The younger the respondents, the more detached their view of former East Germany becomes from reality. The generation born after reunification can't imagine life in a non-democratic state, unlike their parents and grandparents, the study says, explaining that "there is a certain romanticization of East Germany."
Rose-colored glasses
Natalie Oikova, born in eastern Berlin in 1995, also observes these nostalgic feelings in her parents. Her father came from Bulgaria in 1989 to work in East Berlin as a dental technician, just as East Germany was disintegrating. Her mother followed two years later.
"My parents have long been raving about the close-knit community they had in Bulgaria, and they were positive about how people dealt with one another nicely, as socialists," she says. "The Bulgaria my parents knew is long gone. People have changed enormously in the last 30 years."

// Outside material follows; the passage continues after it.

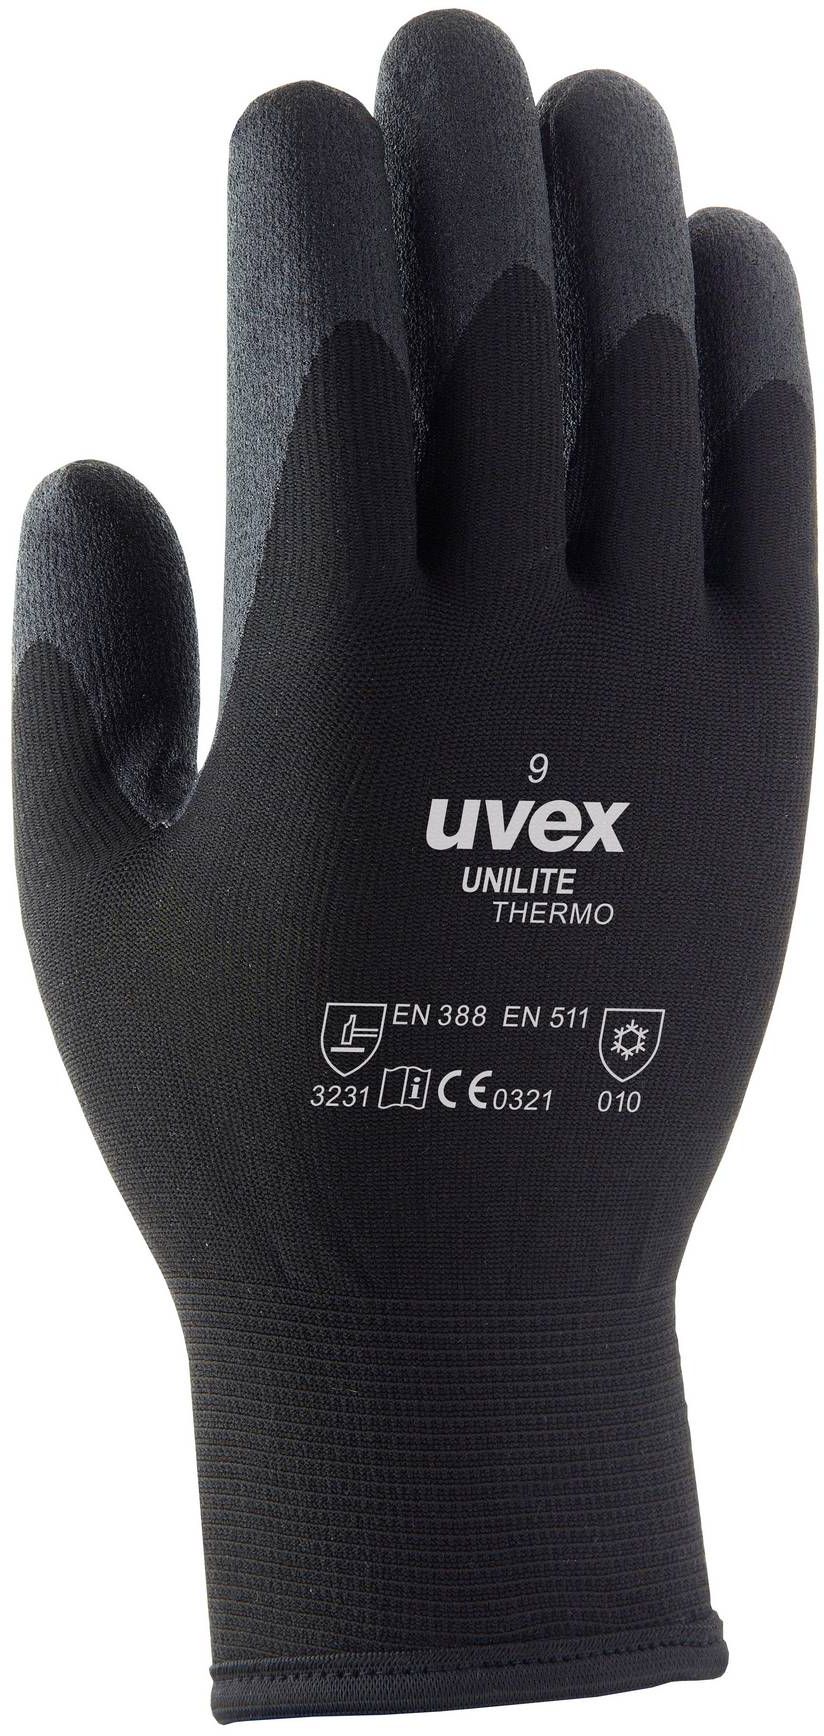 UVEX Winter Handschuh Unilite Thermo Gr. 9, schwarz, Art. 60593 - Arbeitsschutz

Even though she has attended celebrations for the Day of German Unity at Berlin's Brandenburg Gate several times, the 22-year-old theater student sees herself as a Berliner, not as a German or a Bulgarian. "I prefer to define myself in terms of a city rather than a whole country," Oikova said.
Mental barriers
But that makes no difference – because to a Berliner, the signs of the division are everywhere. As soon as she says she's at home in Kaulsdorf, the Wall is back. The neighborhood is in the district of Marzahn-Hellersdorf – which, with its communist-era prefabricated apartments, is a symbol of East German domestic culture.
But the invisible Wall stretches far into the West, as well. Michel Brandt is often reminded of Germany's divided past. The young politician and actor comes from Karlsruhe, near the French border. He won a seat in parliament in the September elections, standing for the Left Party.
During the election campaign, he was shouted down at events as a member of the "Berlin Wall murderers' party."
"Whenever they come to a halt in the political discussion, they play the SED card," the 27-year-old says, annoyed. His far-left party succeeded the Party of Democratic Socialism (PDS) in 2007, which in turn was the renamed former East German ruling party, the SED (Socialist Unity Party of Germany).
A celebration of nonviolence
The new parliamentarian has never celebrated the Day of German Unity. He probably belongs to a majority of the population in Germany who are happy about reunification, but prefer to mark October 3 privately.
For Clemens Hühmer the symbolic meaning is decisive. "I think it is important for Germany that October 3 is the national holiday," he says. "People always say everything drifts apart, but German reunification largely happened without violence and is a positive example that things don't have to be that way."